*Working data*:

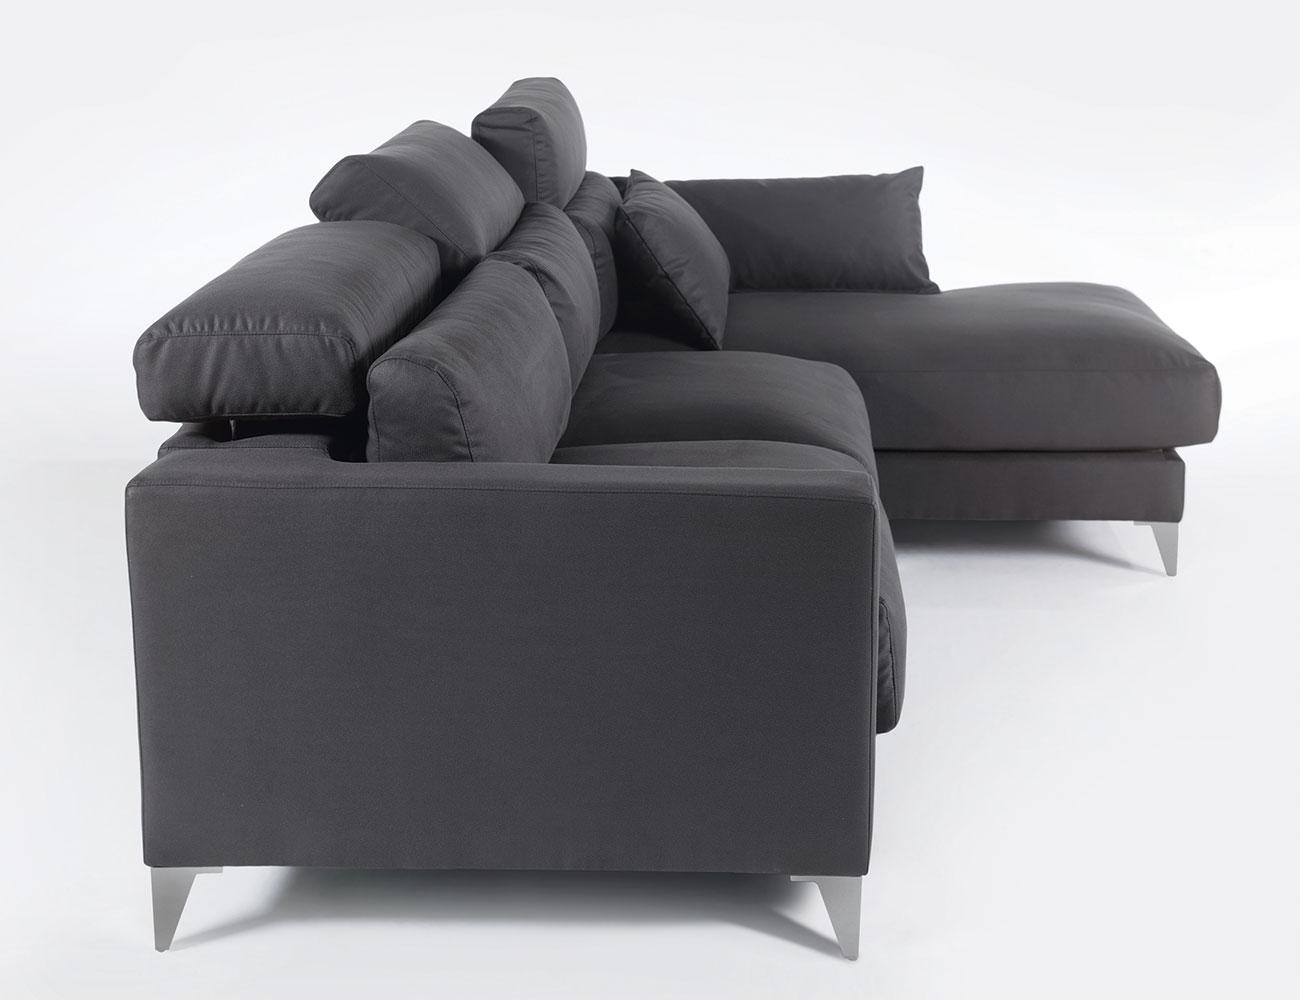 Sofa chaiselongue gran lujo decorativo grafito 134
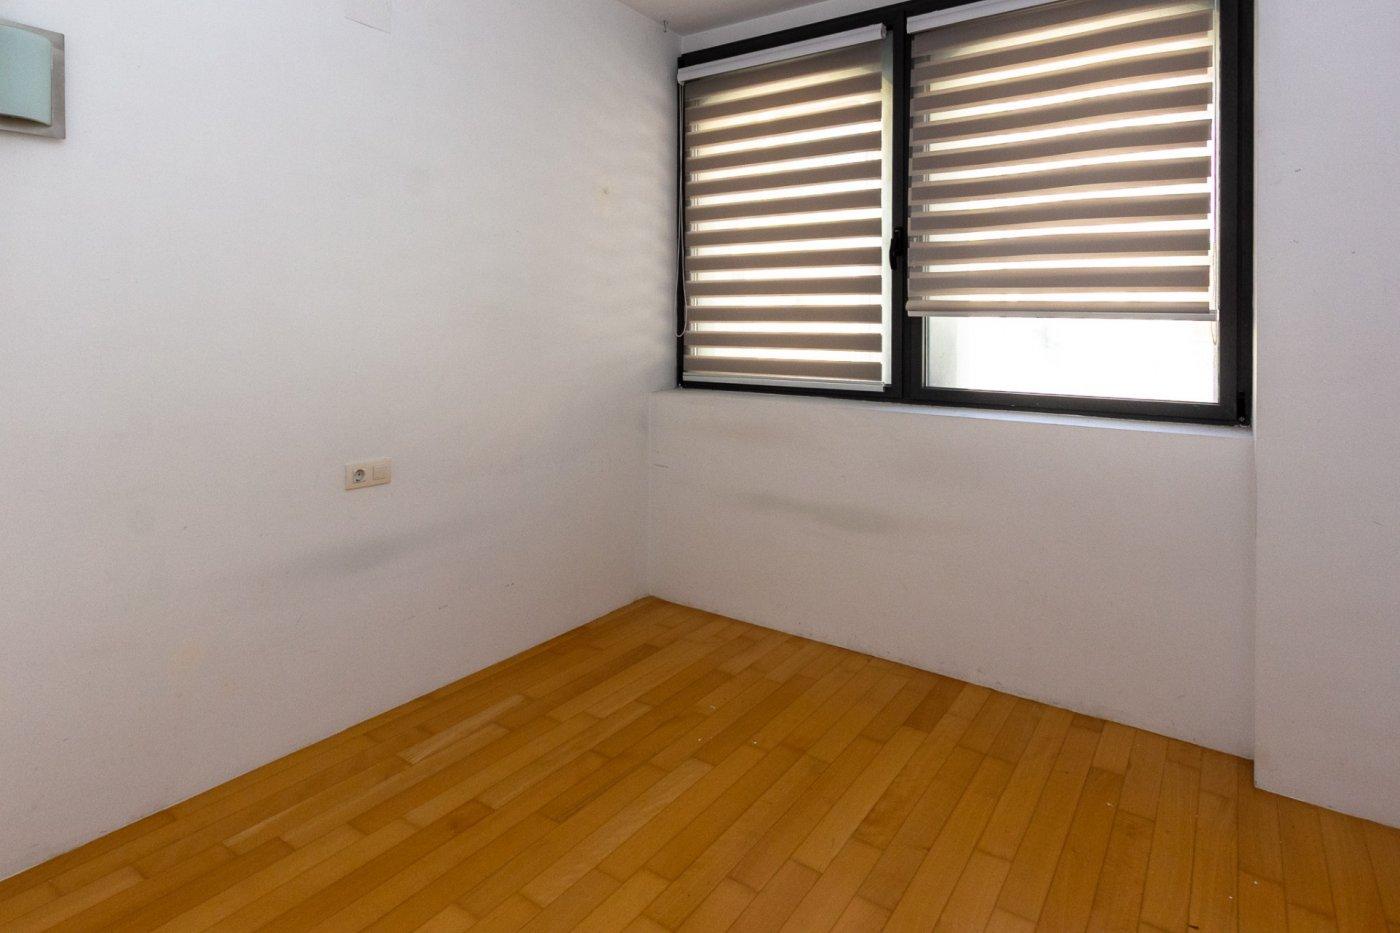 Piso de dos dormitorios de reciente construcción en zona centro de castalla - imagenInmueble5
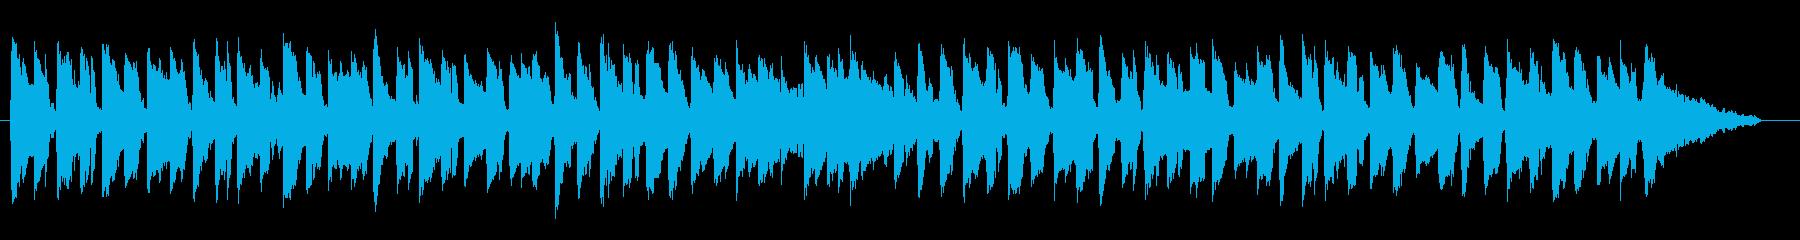 2<Aギター生演奏>優しく語りかけるようの再生済みの波形
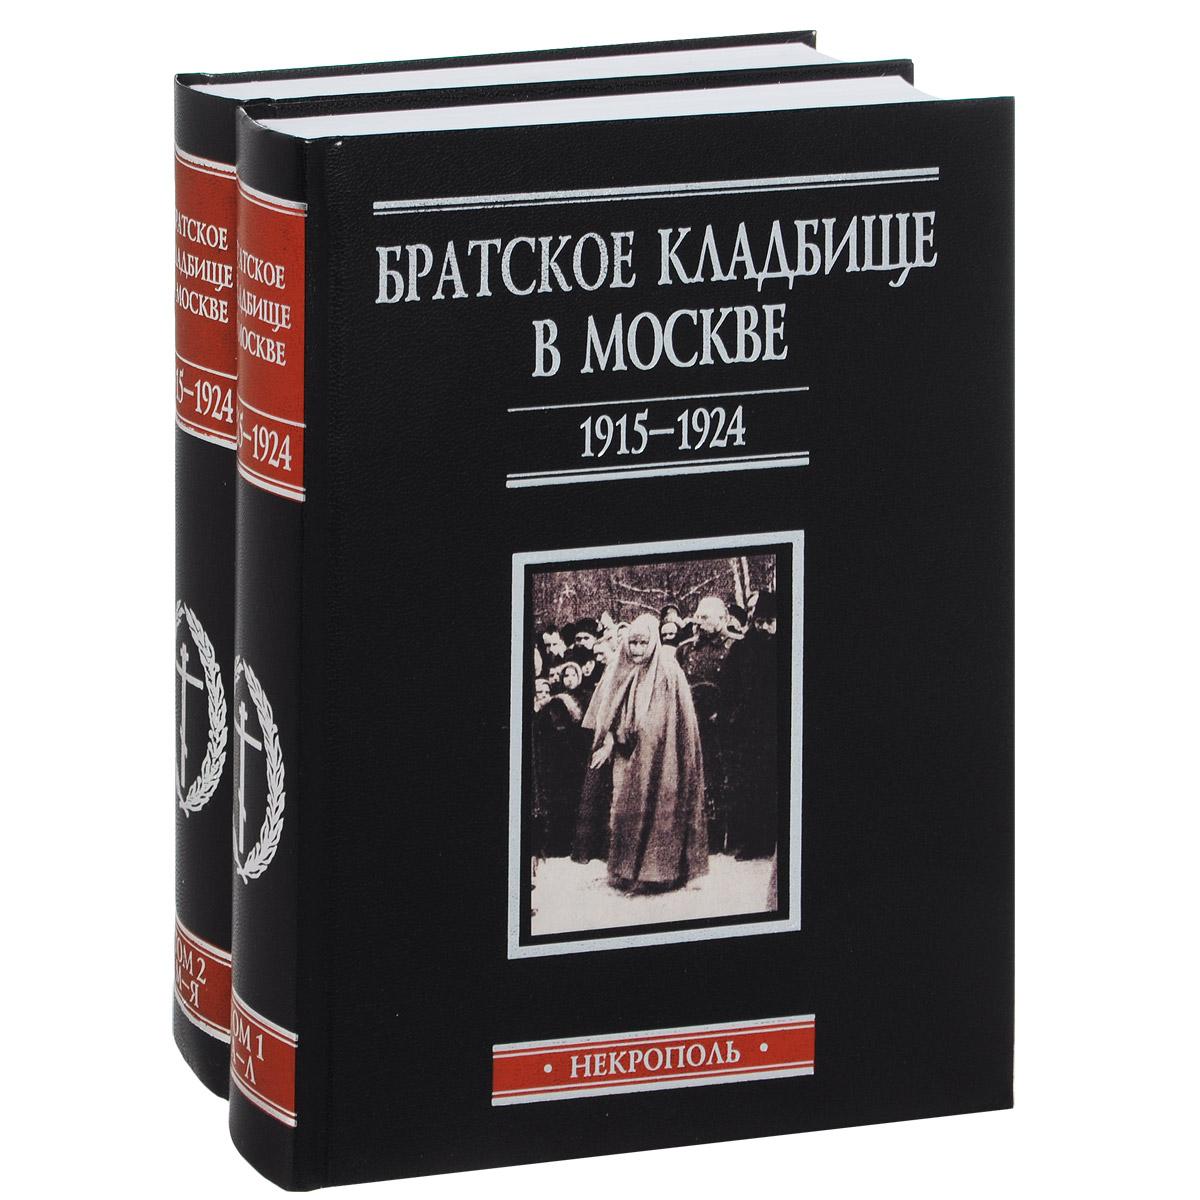 Нина Зубова,Мария Катагощина Братское кладбище в Москве, 1915–1924. Некрополь. В 2 томах (комплект) великие имена россии
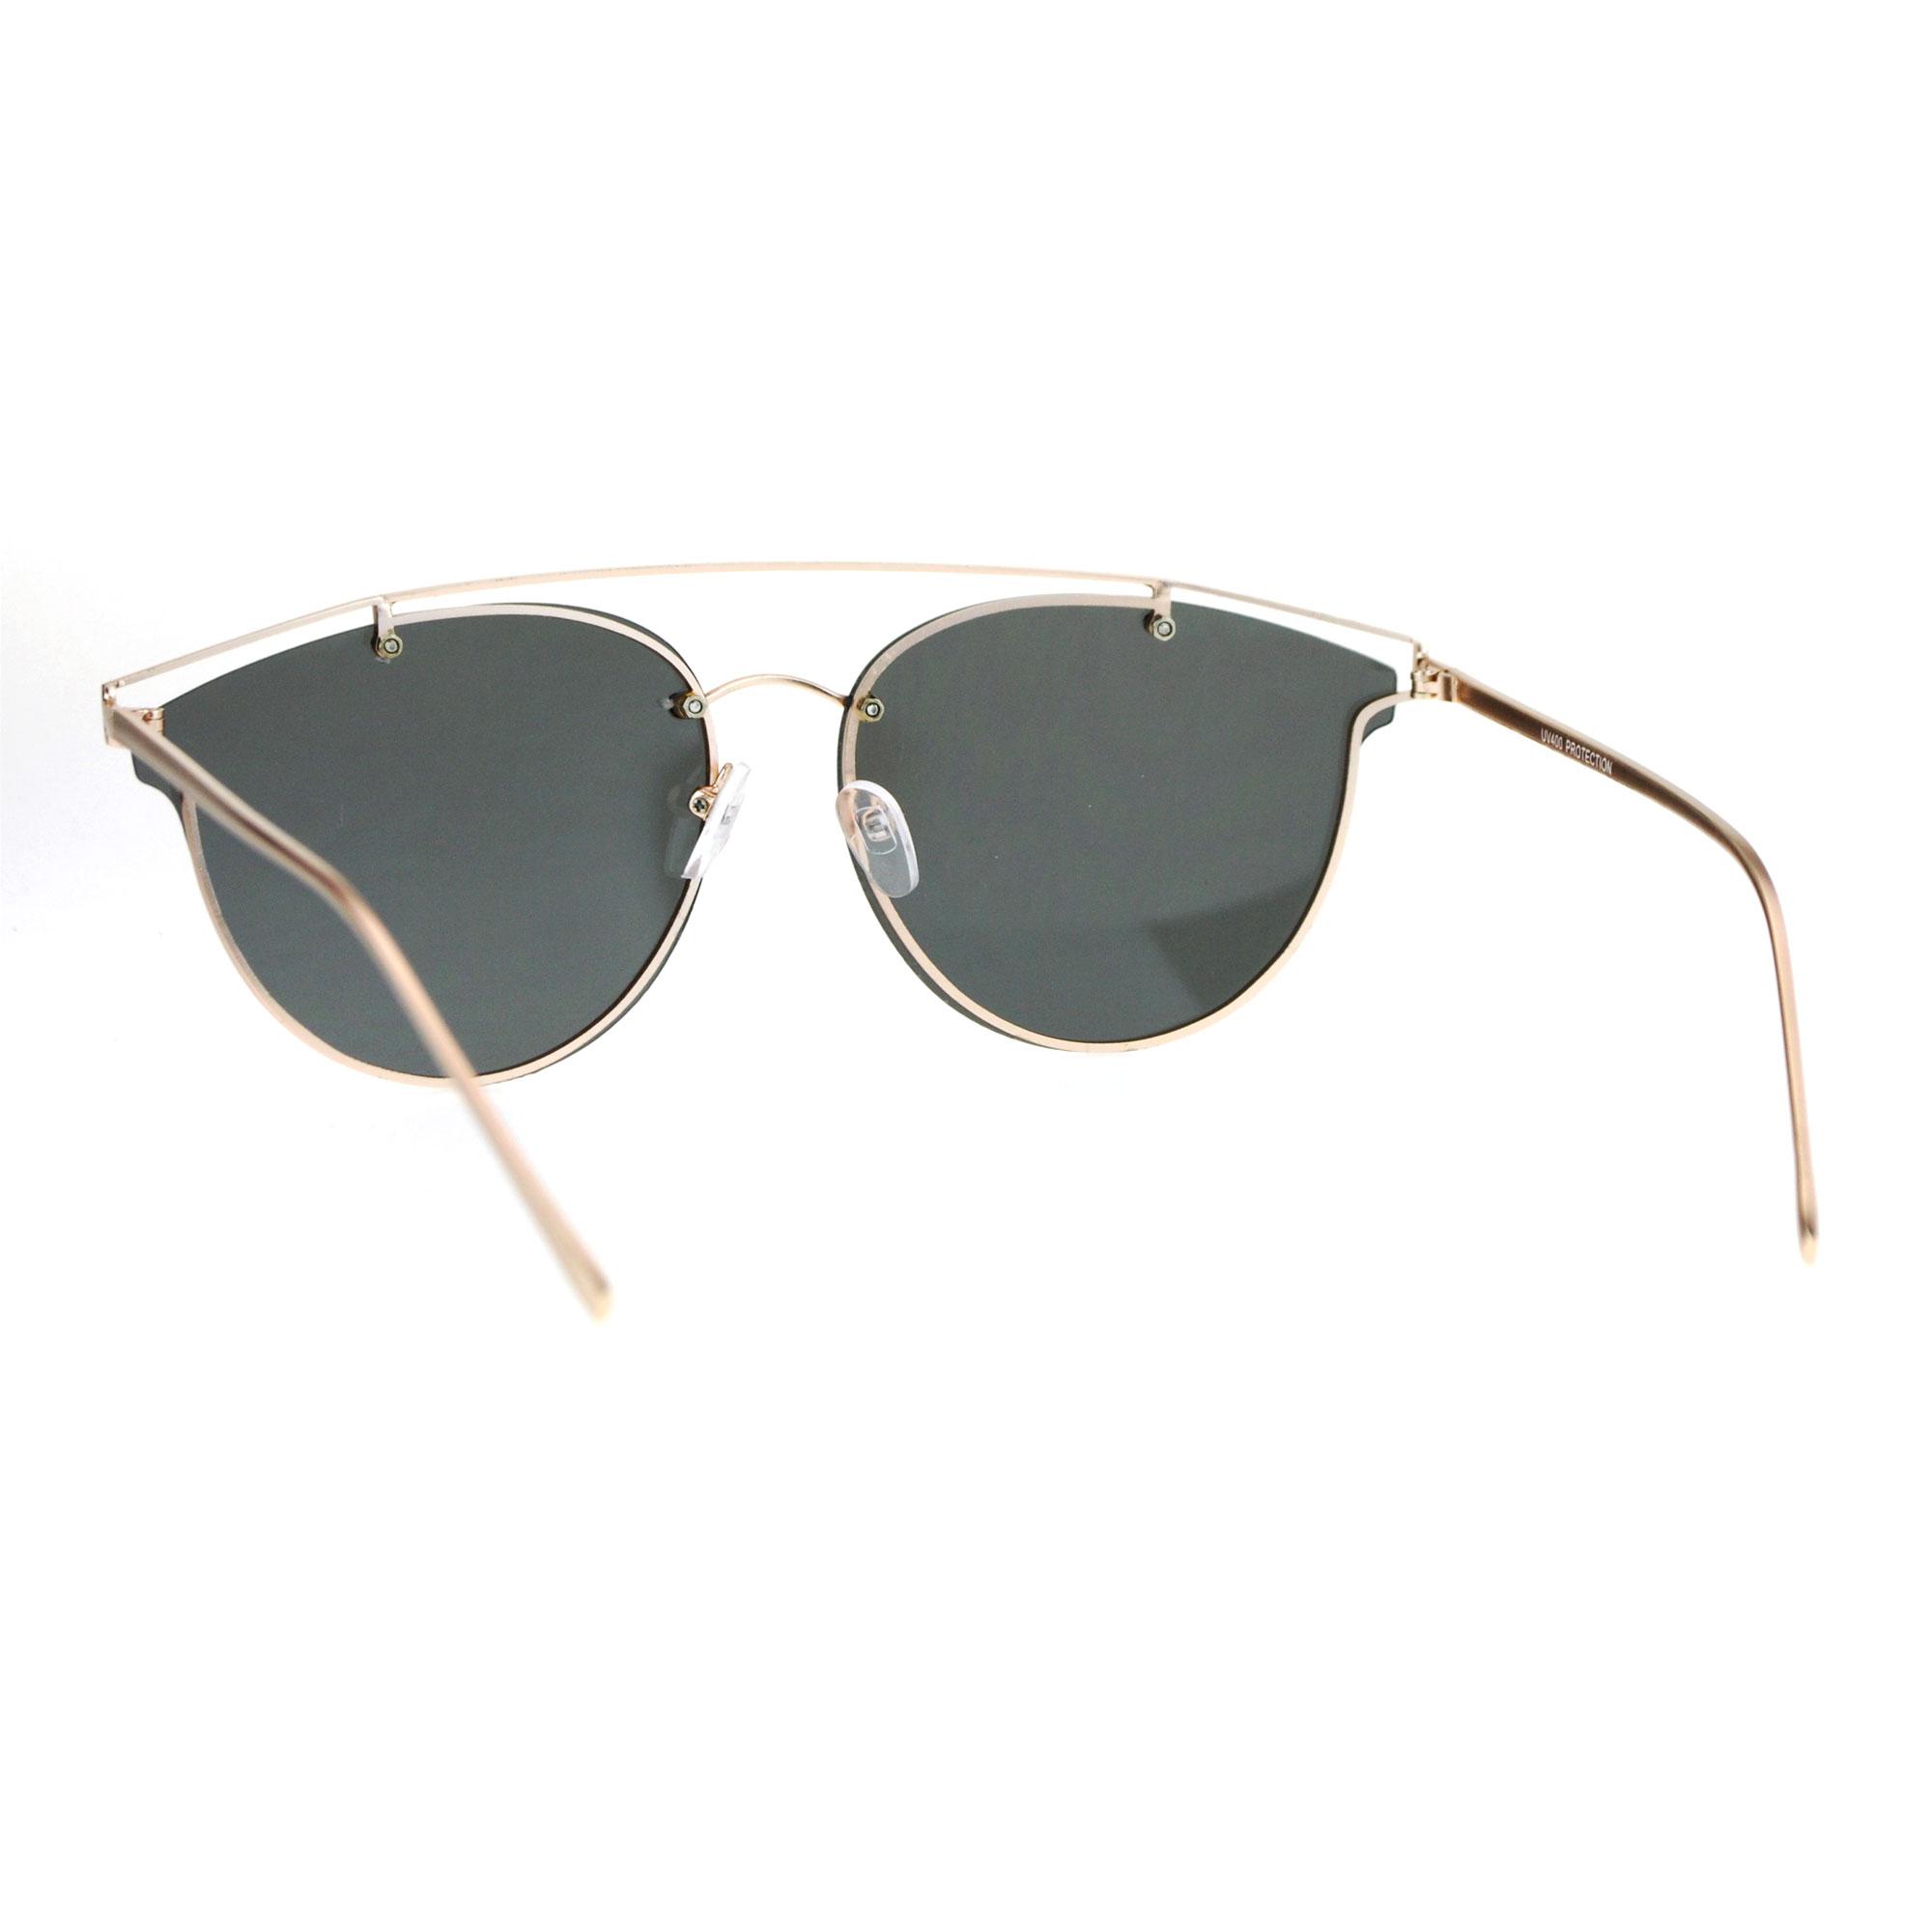 Rimless Wire Glasses : SA106 Color Mirror Flat Panel Unique Rimless Wire Bridge ...

*Directions for this task*: Line by line, reproduce the material above exactly, leaving each picture out.

*Reply*:
 Sofa chaiselongue gran lujo decorativo grafito 134
 Piso de dos dormitorios de reciente construcción en zona centro de castalla - imagenInmueble5
 2<Aギター生演奏>優しく語りかけるようの再生済みの波形
 Нина Зубова,Мария Катагощина Братское кладбище в Москве, 1915–1924. Некрополь. В 2 томах (комплект) великие имена россии
 Rimless Wire Glasses : SA106 Color Mirror Flat Panel Unique Rimless Wire Bridge ...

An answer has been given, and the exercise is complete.